Ces mini-décrochements témoignent de ce que des mouvements en coulissement longitudinal se sont également effectués dans le couloir de failles du chevauchement de la Chartreuse occidentale. Ces mouvements représentent les ultimes effets du cisaillement transverse du décrochement de l'Alpette. Ce dernier traverse tout le massif chartreux mais s'exprime, en Chartreuse occidentale, aux abords de La Ruchère, par un faisceau de cassures (ses diverses "branches", dont la principale est celle du Pas Dinay) entre lesquelles se partage et se "diffuse" le rejet de ce grand accident. Ces cassures traversent en ne décalant que d'une façon peu visible les abrupts d'Urgonien qui courent des Rochers du Frou à ceux d'Arpison, et ceux des calcaires du Fontanil des Rochers de Fétrus (qui dominent les gorges de Fourvoirie du côté nord-est). Néanmoins la principale, prolongement du décrochement du Pas Dinay, se suit pratiquement jusqu'à Fourvoirie (voir cliché à la page Saint-Laurent-du-Pont) |
Après sa sortie du défilé de Fourvoirie le Guiers Mort décrit plusieurs sinuosités entre des pentes boisées plus douces, avant de rejoindre Saint-Laurent-du-Pont.
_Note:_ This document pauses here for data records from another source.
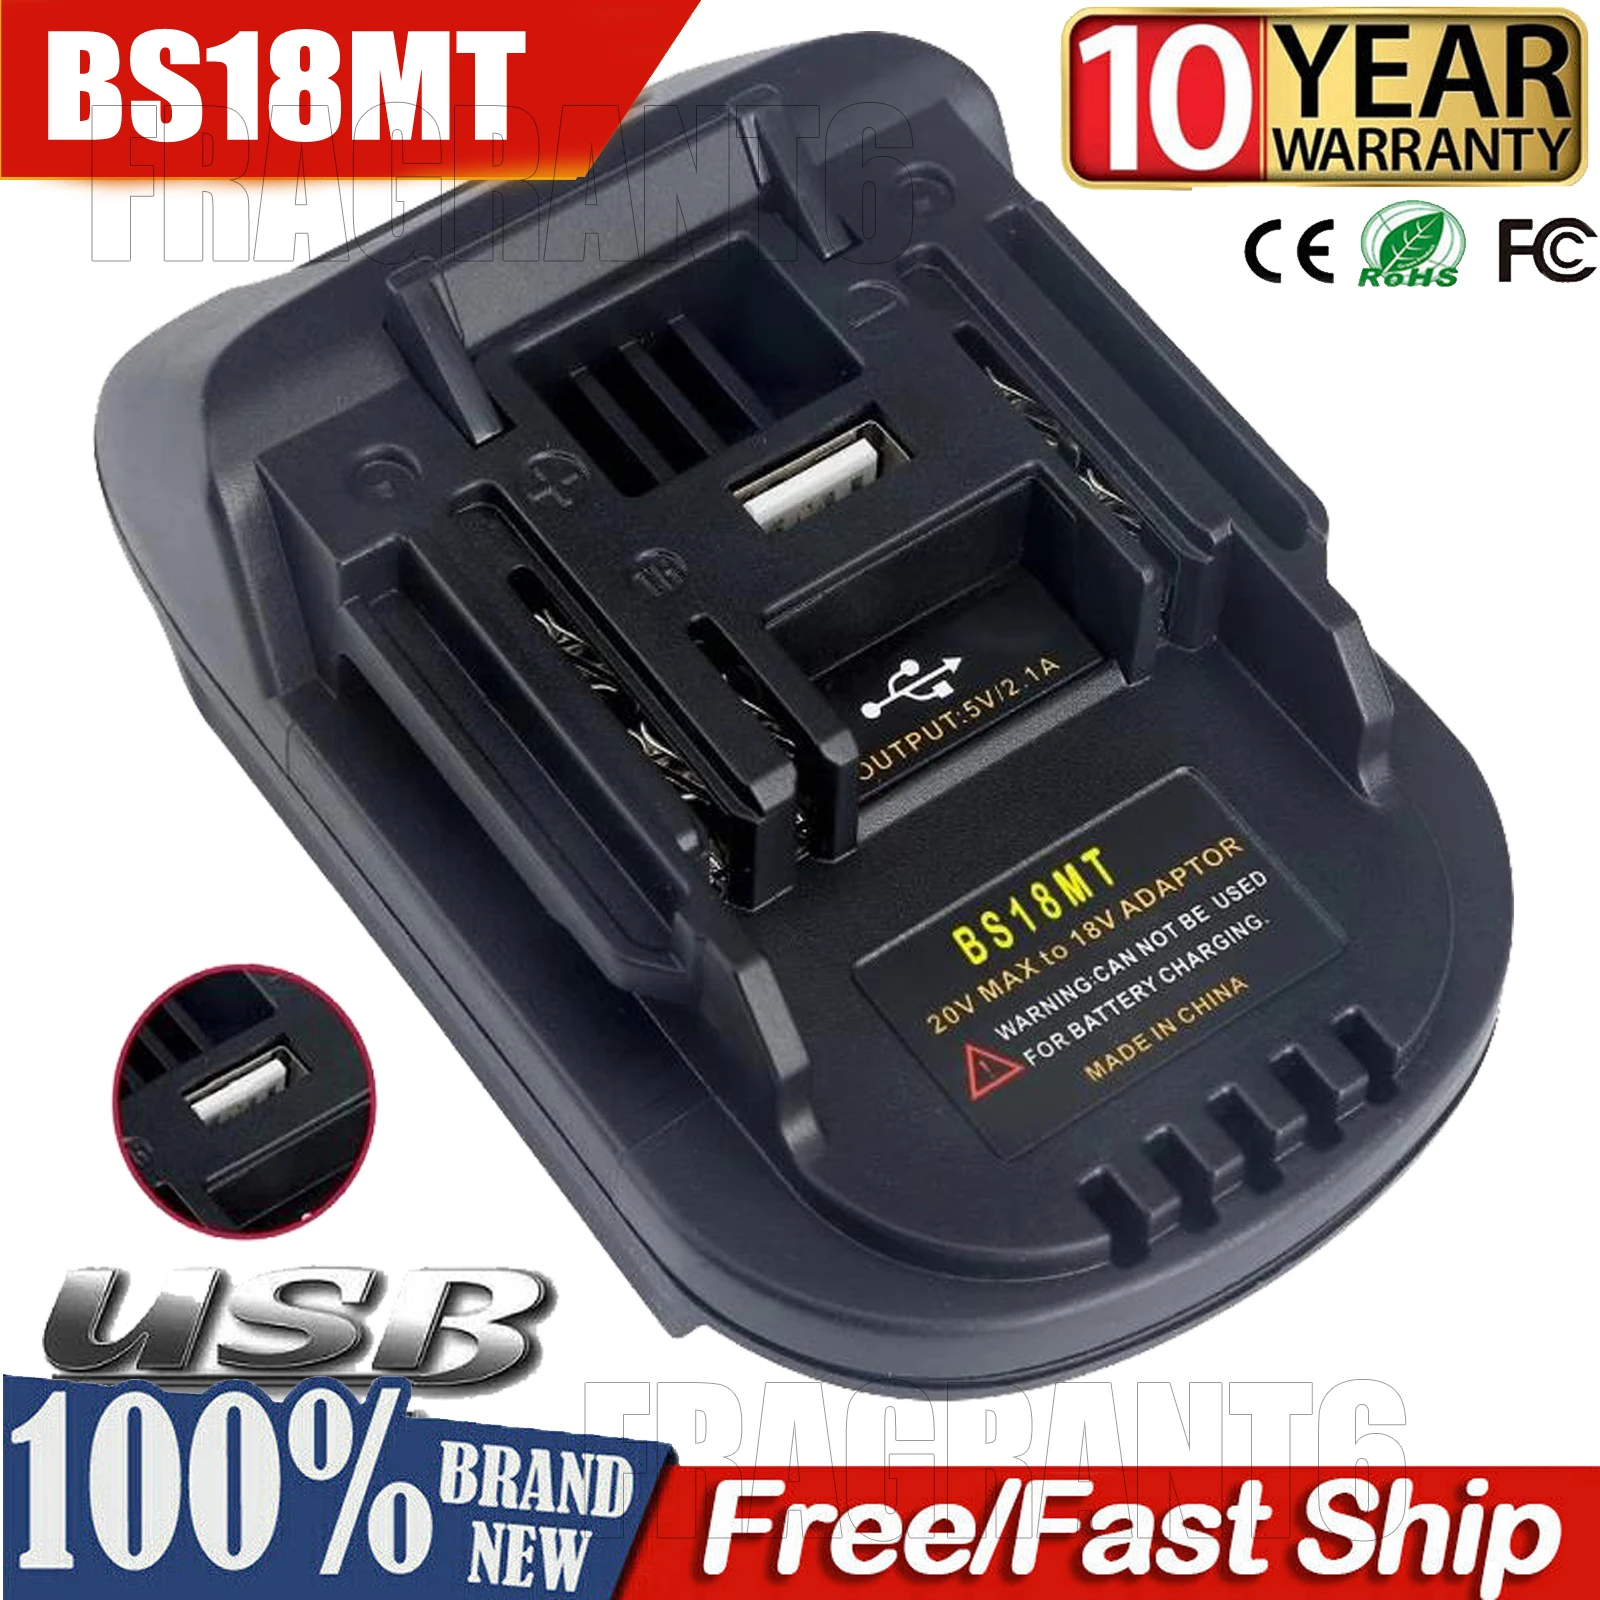 BS18MT Battery Adapter Converter USB For Bosch 18V BAT619G/620 Batteries Convert For Makita BL 1860 Lithium Tools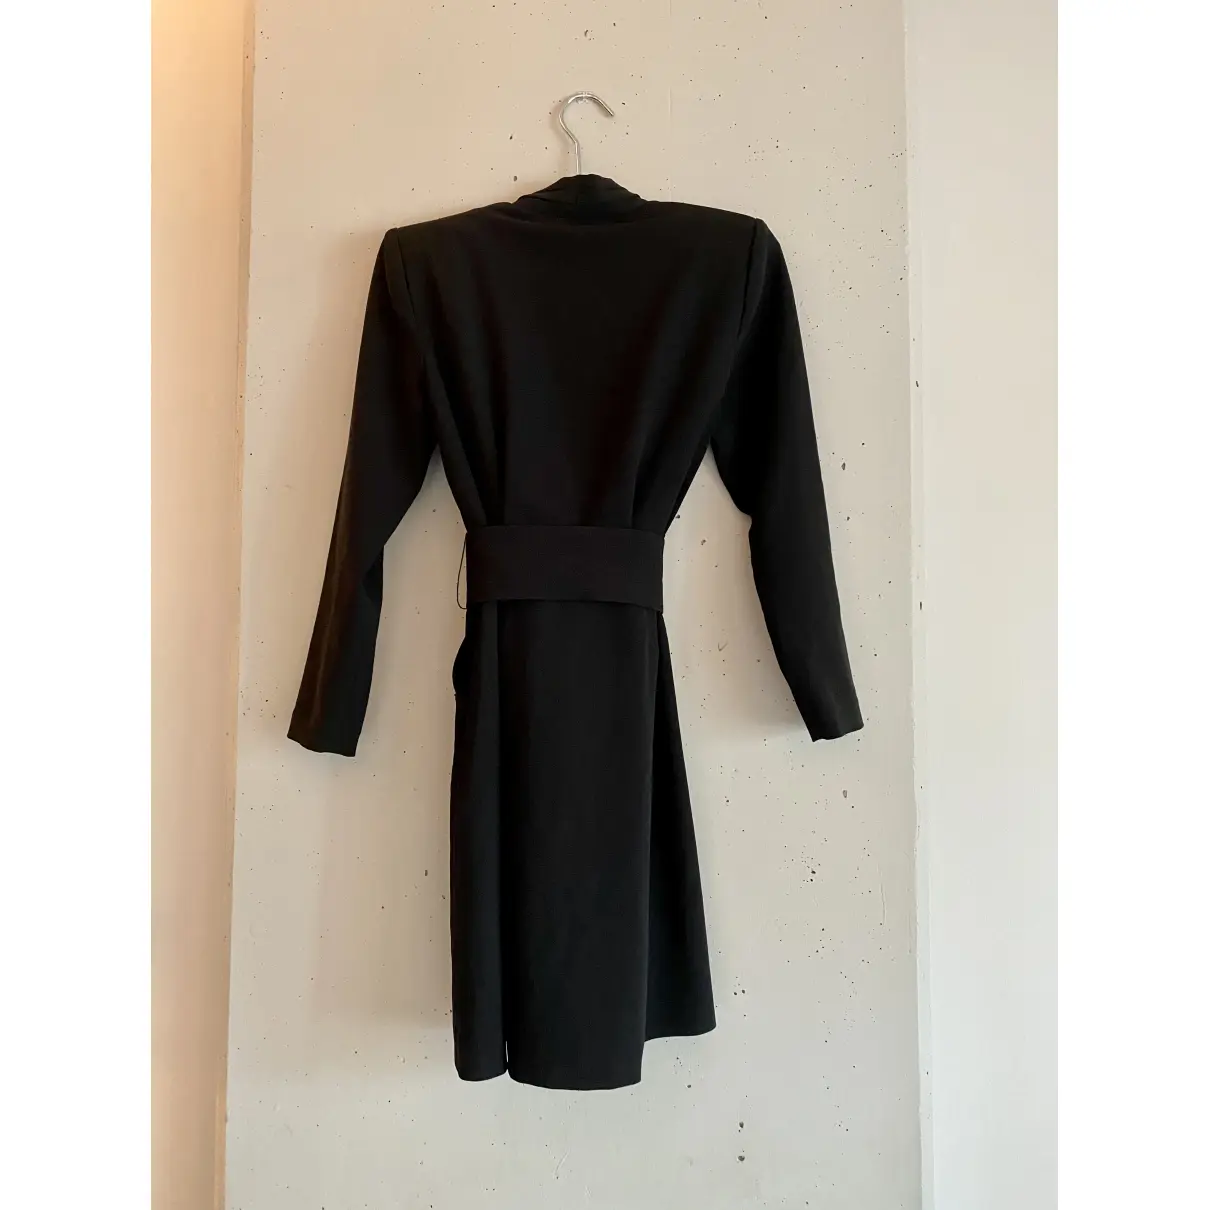 Buy A.L.C Mini dress online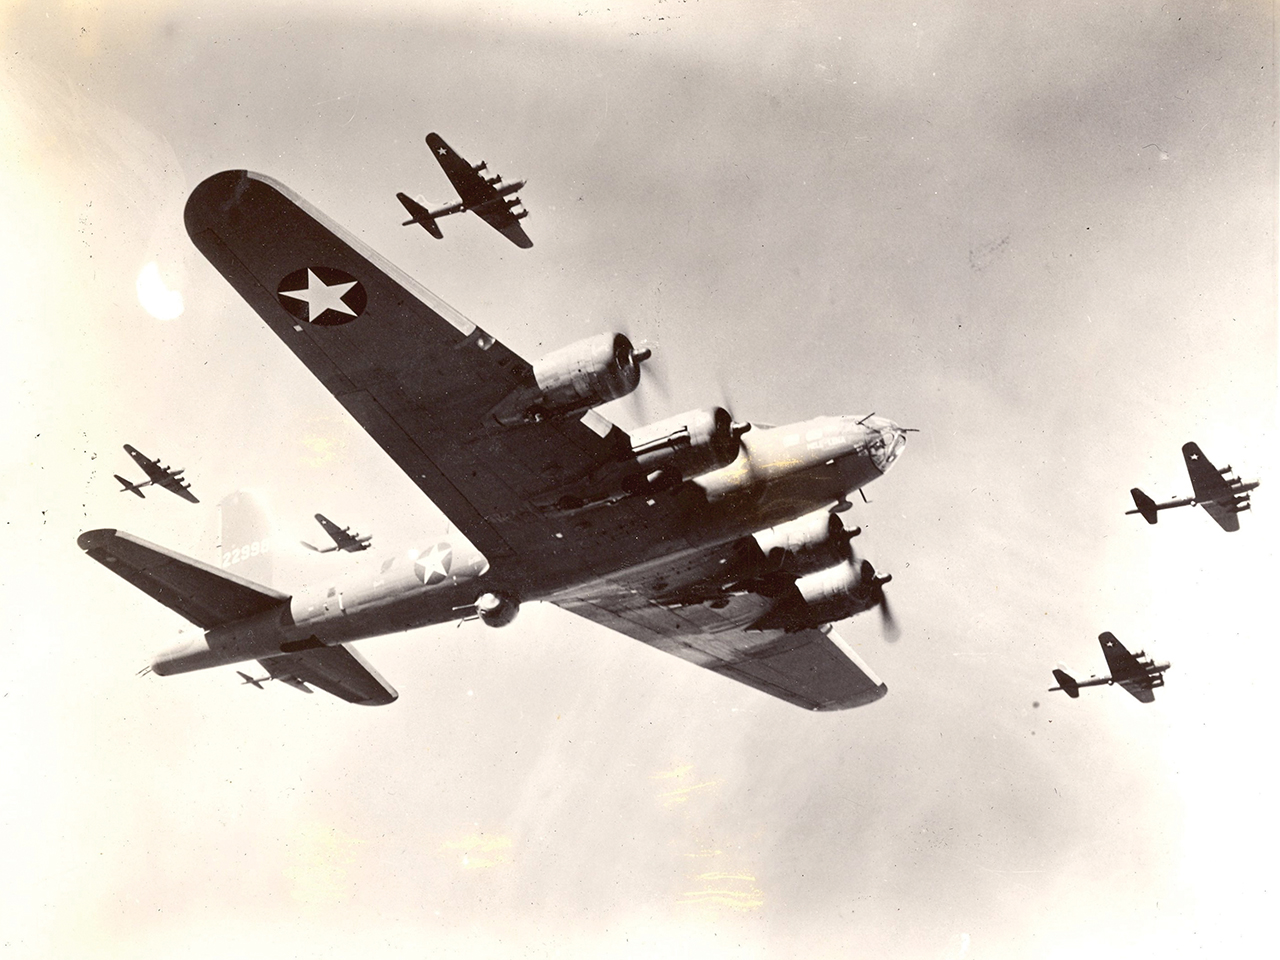 Bomber planes flying

Son cours entaille là des alluvions quaternaires qui masquent presque complètement leur bedrock. Il est repoussé vers le nord par le glissement de terrain de matériel morainique de sa rive gauche qui a partiellement détruit en 1935 les bâtiments de l'ancienne distillerie des chartreux. De ce fait sa rive droite entaille en abrupts boisés les alluvions fluviatiles plus anciennes (conglomérats interglaciaires) de sa rive droite.
La rive droite du lit du Guiers Mort, au niveau du tournant de l'ancienne distillerie. observer le litage horizontal des alluvions fluviatiles anciennes (conglomérats interglaciaires) |
Ces lits de conglomérats reposent en discordance sur le bedrock qui affleure au fond même du lit de la rivière.
Les affleurements molassiques du lit du Guiers, vus du sud vers le nord, depuis la rive gauche, à la hauteur de la maison forestière (le Guiers coule de la droite vers la gauche). Les conglomérats quaternaires (difficilement visibles, à travers les bois, sur ce cliché) sont lités très horizontalement (conformément aux tirets) alors que les bancs de molasse sont redressés à la verticale dans le lit du Guiers. |
Ce bedrock est constitué par les couches de la molasse miocène du flanc oriental du synclinal de Voreppe , qui sont, à vrai-dire, déjà présentes au sortir même des gorges de Fourvoirie sous forme de petits affleurements de grès grossiers du Burdigalien (voir plus haut).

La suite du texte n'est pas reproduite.